[Data to process]

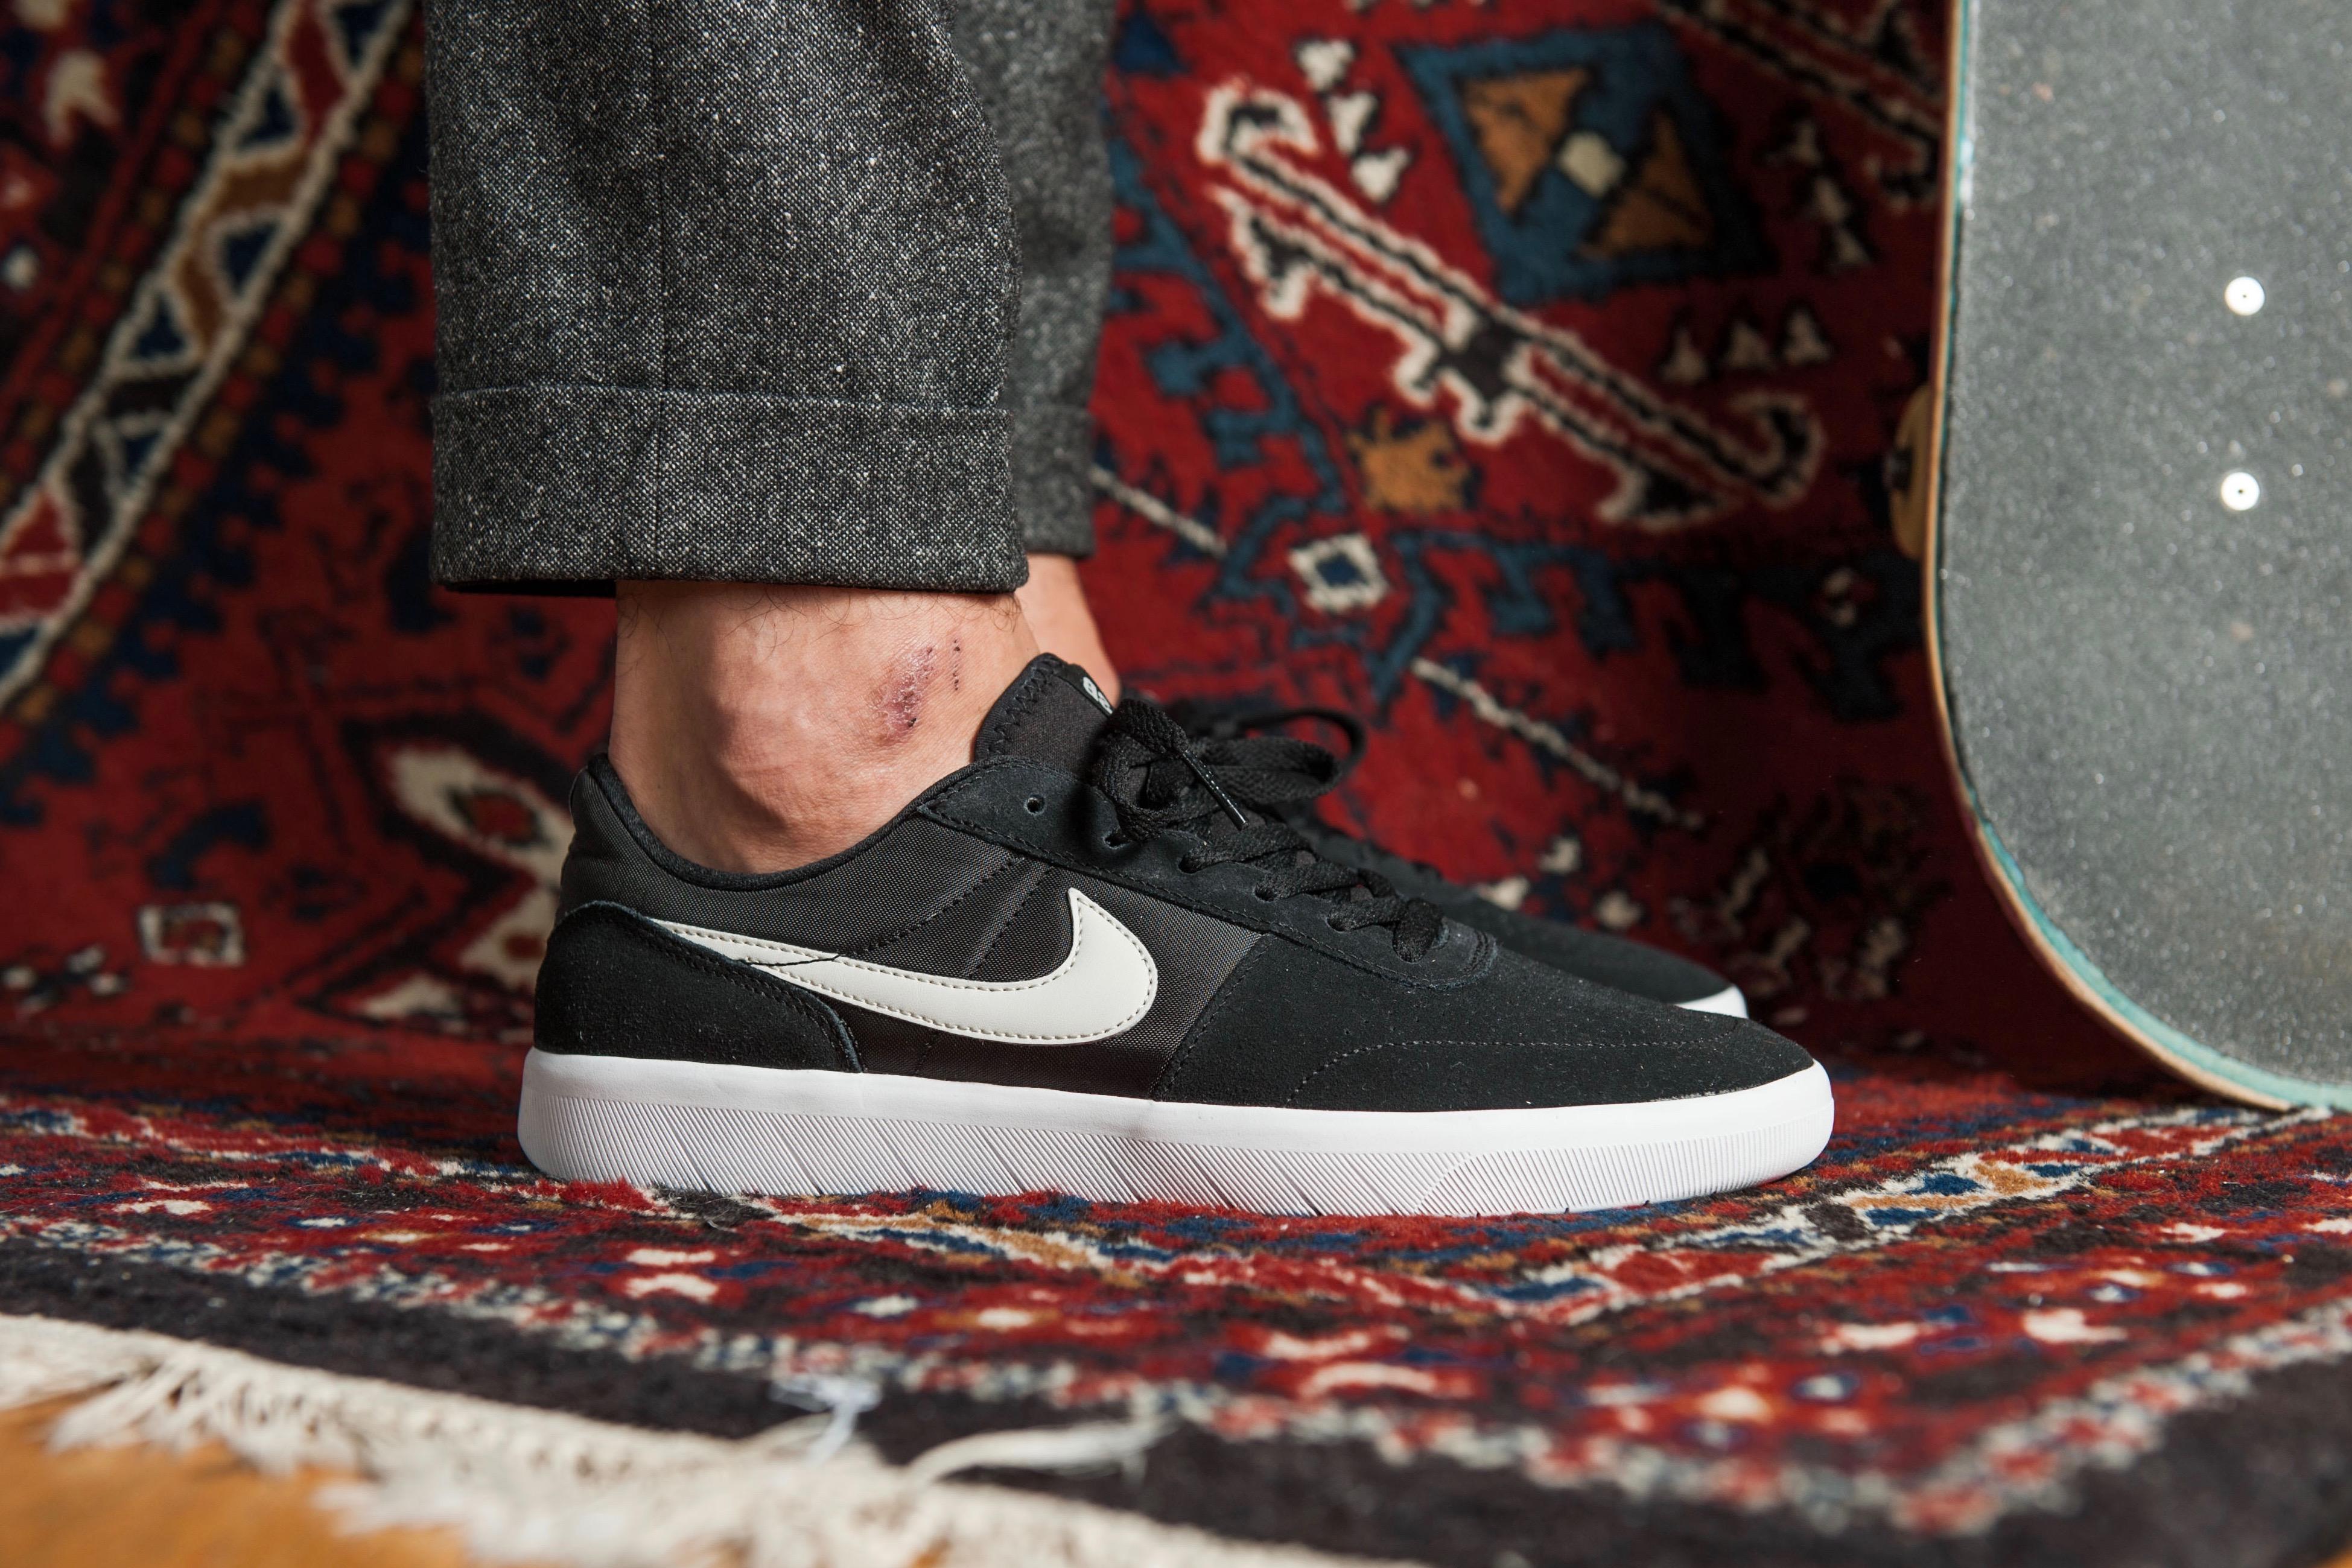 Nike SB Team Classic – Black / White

[/Data to process]
[Data to process]

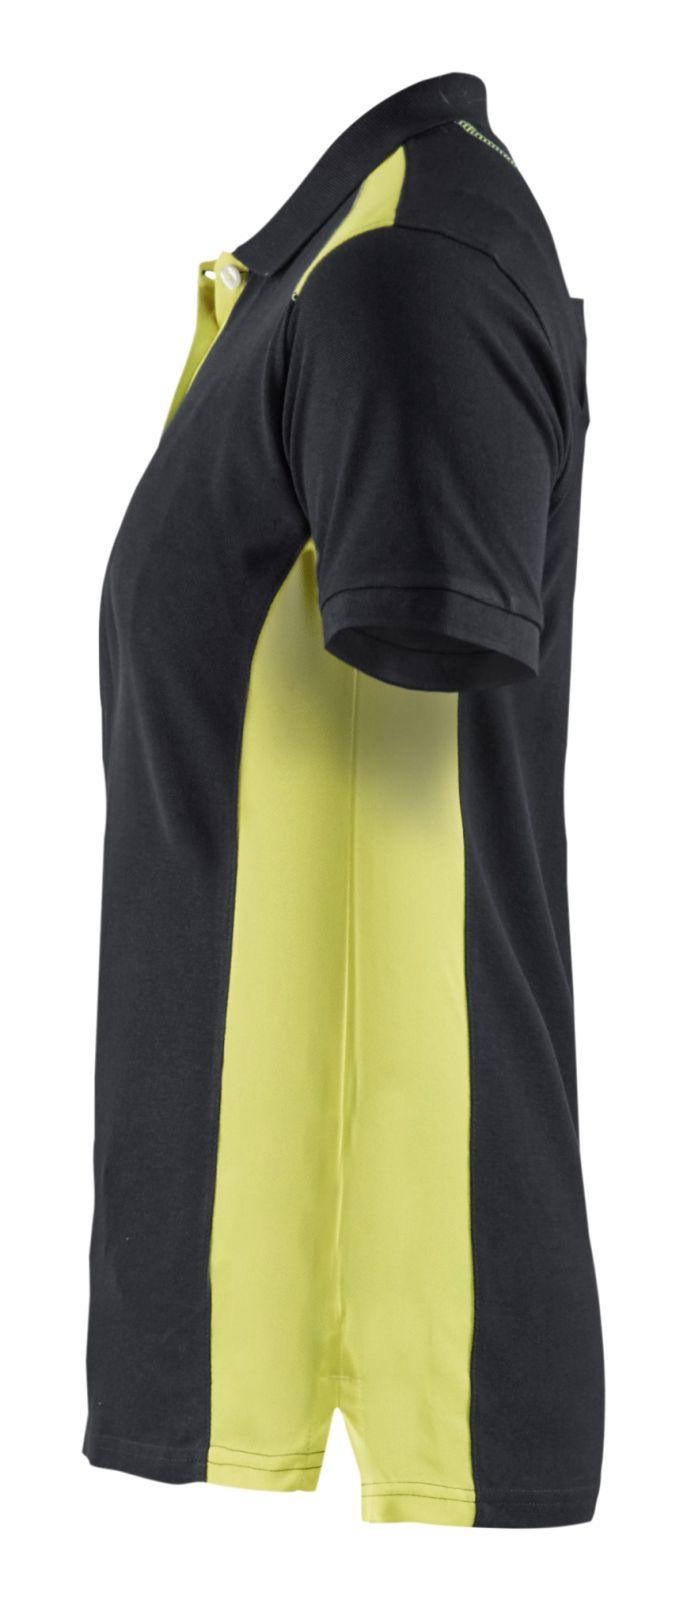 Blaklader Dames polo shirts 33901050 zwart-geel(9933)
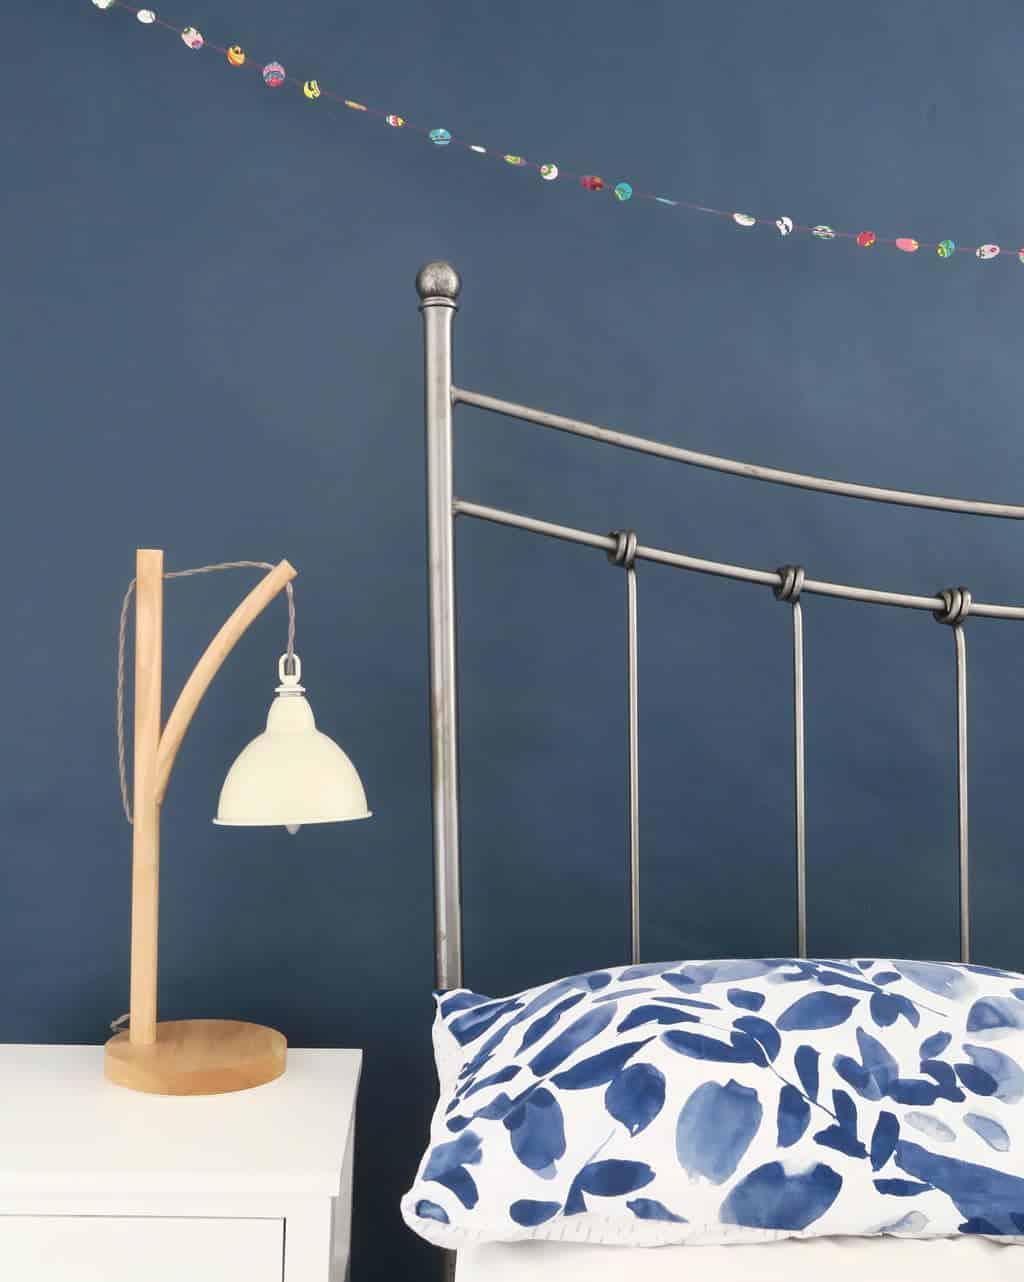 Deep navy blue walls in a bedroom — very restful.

[/Data to process]

### Task item
Return exactly the part of the listing above that opens with the line containing "Blaklader Dames polo" and closes with the line containing "Deep navy blue". Pictures stay out.

### Task answer
 Blaklader Dames polo shirts 33901050 zwart-geel(9933)
 Deep navy blue walls in a bedroom — very restful.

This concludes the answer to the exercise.